Perhaps it’s from our visits to fine restaurants, or my lacking sense of smell that makes me desire everything to be uniquely and strongly flavored, or perhaps it is the overflowing creativity that I cannot seem to satisfy, or perhaps I am a natural born chef, who knows, anyway, I must have fabulous oils, vinegars, and seasonings in my kitchen to cook with. I have rarely to never repeated recipes in the twenty something years I have been cooking for myself, and there are no run of the mill meals here.
For instance, I used to make spaghetti. Now I make pasta (sometimes homemade) with homemade spaghetti sauce made with thick tomatoes and colorful vegetables that are cooked down with wine and garlic until thick and fragrant. Herbs from the garden in handfuls and smoked salt. Then added to the pasta and baked with goat cheese and mozzarella. Divine.
I used to grill trout. Now I stuff it with lemon, sage, and rosemary. Fry it in truffle oil after dredging it in cornmeal. A white wine sauce to pour over after deboning. Well, you get the picture.

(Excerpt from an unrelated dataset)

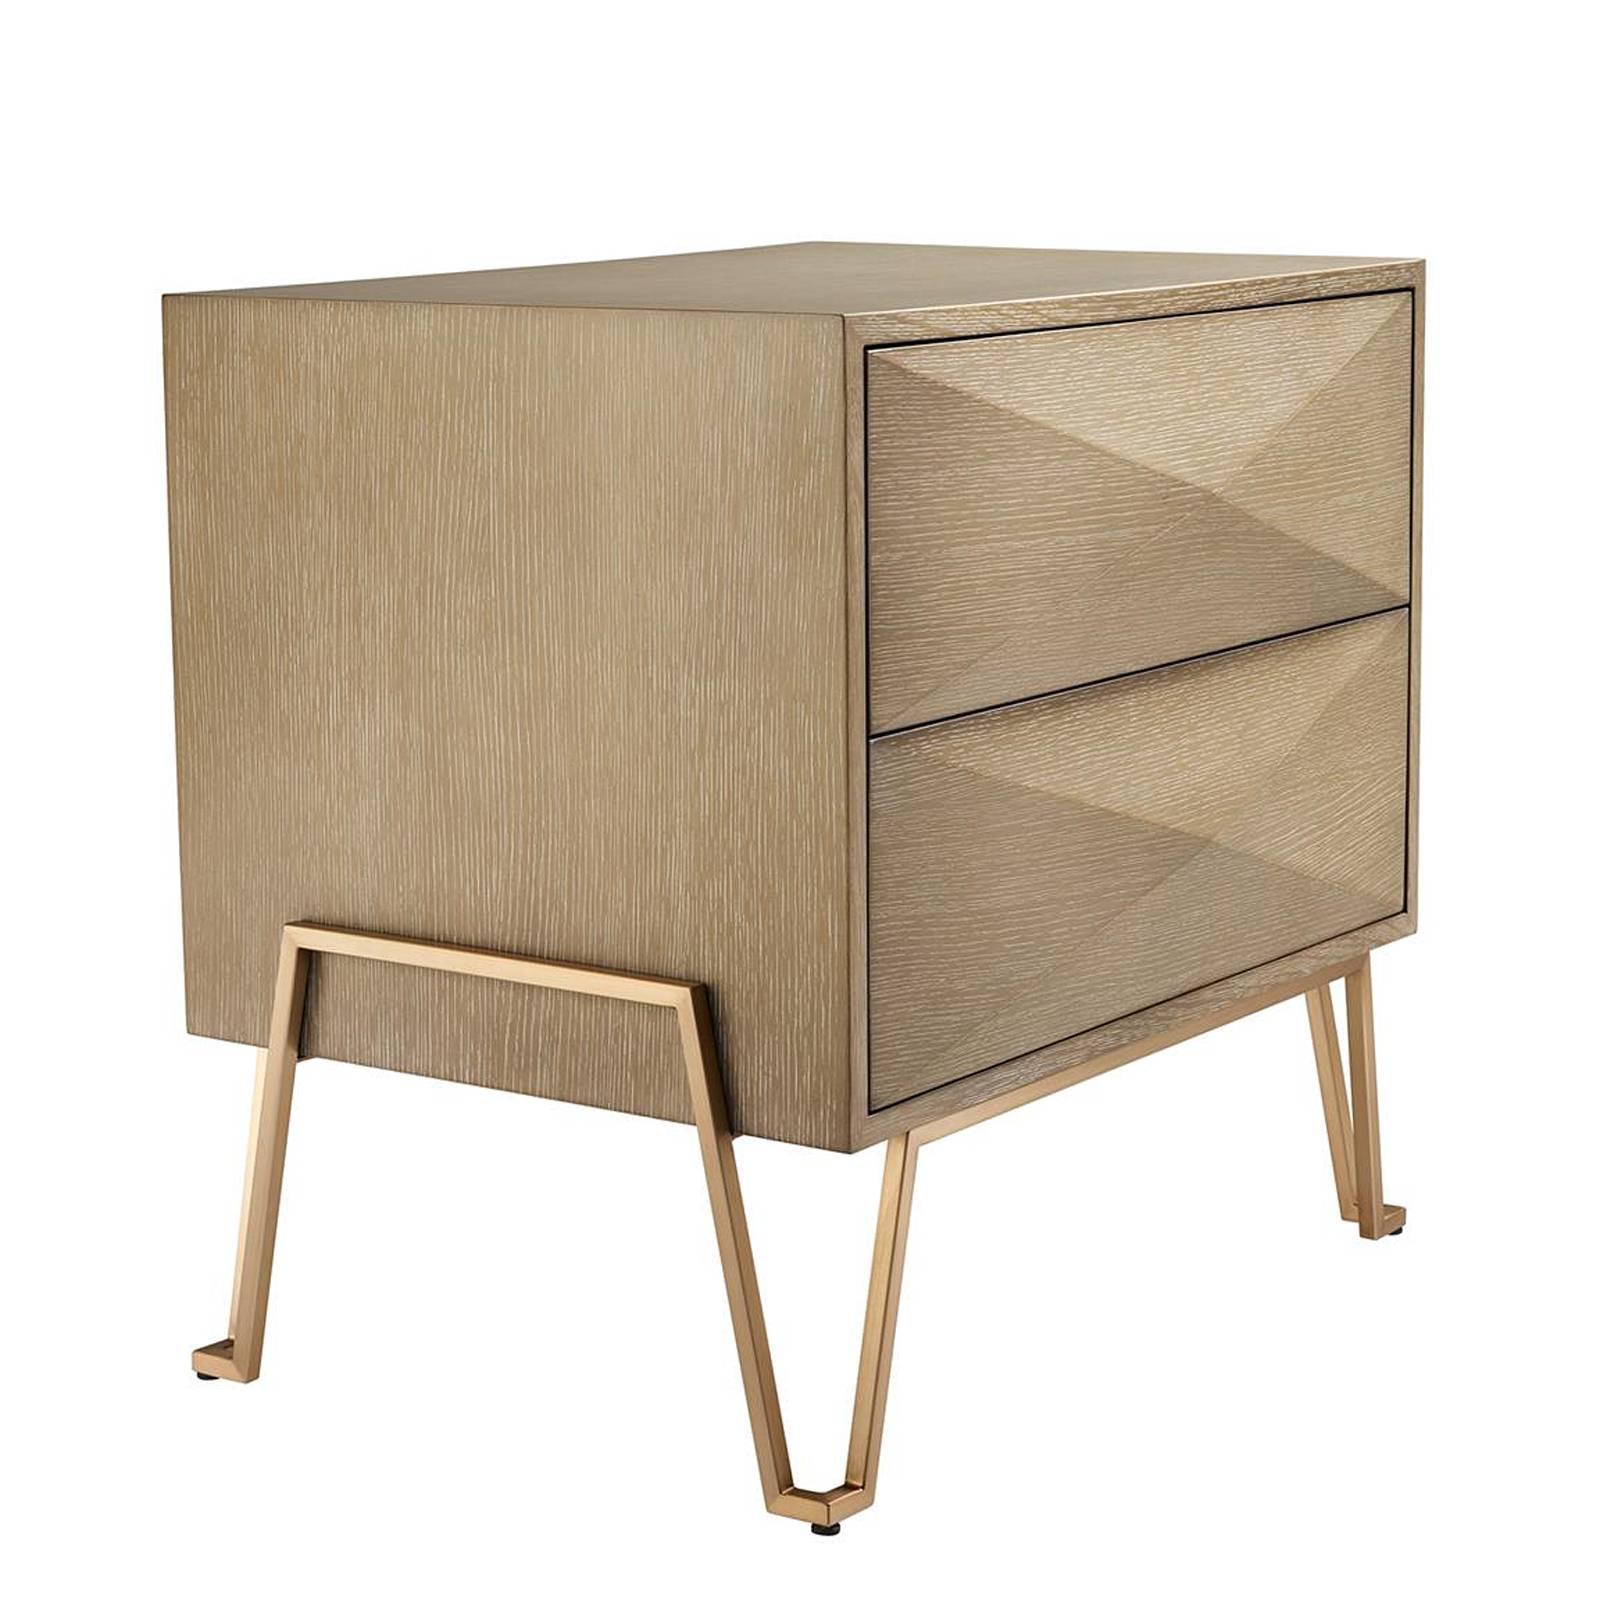 Indonesian Catalaga Side Table or Nightstand in Washed Oak Veneer and Brass For Sale

In baking if a recipe calls for vanilla extract, I use three times more than it says and I use extract that I made. I may substitute required oil in a recipe with an orange infused oil or perhaps a walnut infused oil. If a recipe calls for salt in baking, I reach for the vanilla salt. These slight variations elevate food from sustenance to gourmet with sensational flavors. A basic recipe for pumpkin bread becomes amazing with vanilla and cinnamon extracts, and vanilla salt.

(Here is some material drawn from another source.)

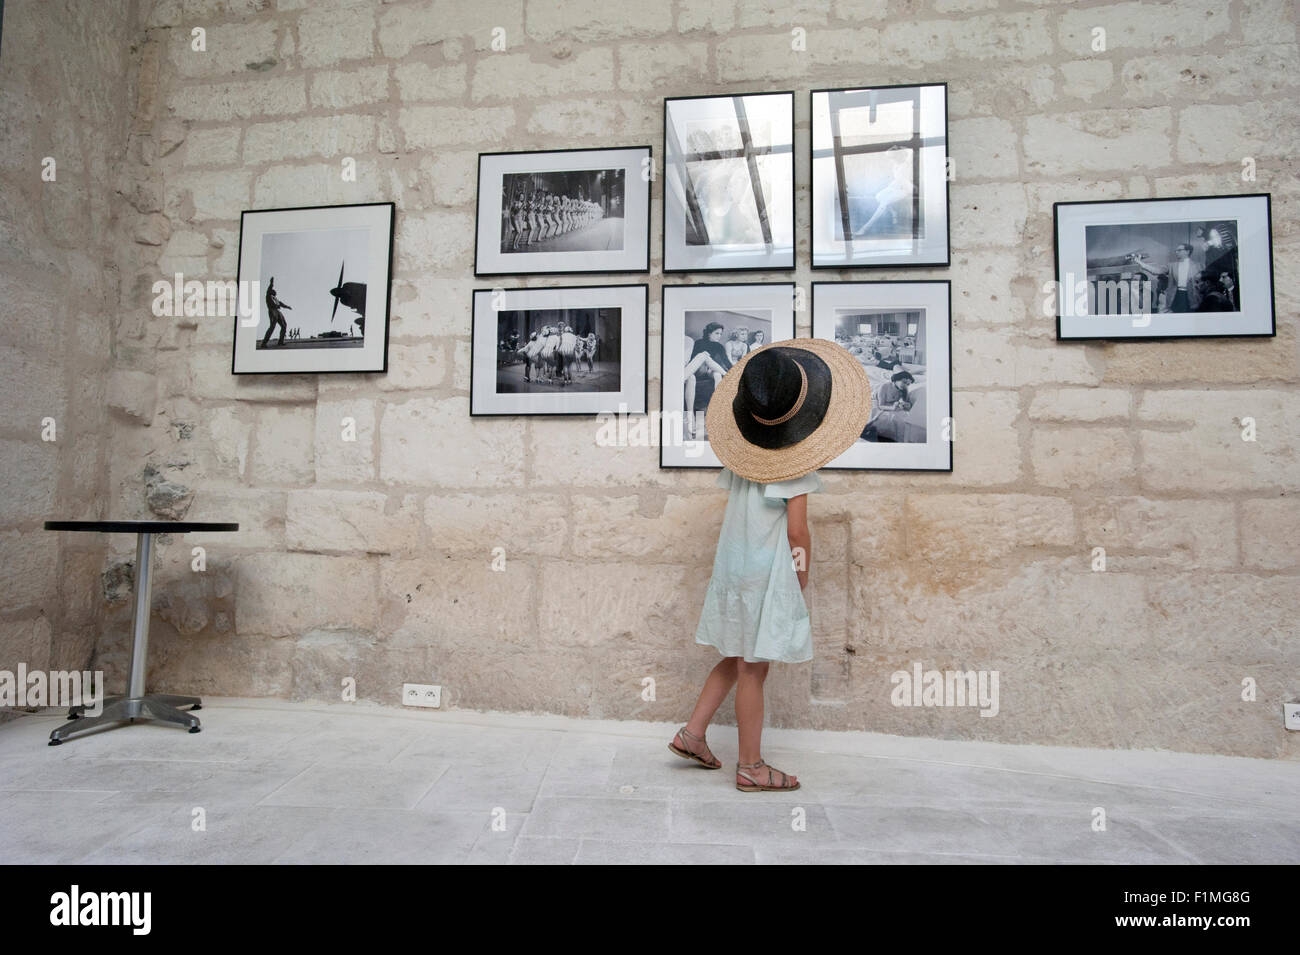 A small girl wearing two hats looks at vintage photographs in an art gallery in Arles, France. Stock Photo

My friend Rodney and I hit the oil stores whenever we pass them. There are not a lot so it is a treat to find one. One day when we were in the Springs purchasing our oils for the next few months we came across the flavored salts. I picked up a small container of black flecked sea salt, fragrant with vanilla beans and took it home. It was on my grocery list to purchase more when I had an aha moment. I had just emptied a quart of vanilla extract to sell at the market. (Read post here to see how to make your own vanilla extract. You will never buy from the store again!) There sat the beautiful vanilla beans. In the past I would have cut them open and used them in baking then discarded them. I cannot grow them and they are not cheap so I had to do something with them. Eye to the list, eye to the vanilla bean, big bag of sea salt in the cupboard. I simply placed the whole vanilla beans, sliced in half into the salt that I had poured into a canning jar shaking occasionally. A few weeks later when removing the lid the smell of fresh, spicy vanilla came wafting up from the eight ounces of salt. It cost me very little and I have plenty to add to baking dishes and a myriad of other meals (such as oatmeal, or goat cheese, or caramel to make salted caramel, or in jams, or salad dressing, or….)
Make your farmhouse kitchen a deliciously gourmet kitchen. It’s easy and a fun way to eat after a long day of weeding rows of vegetables.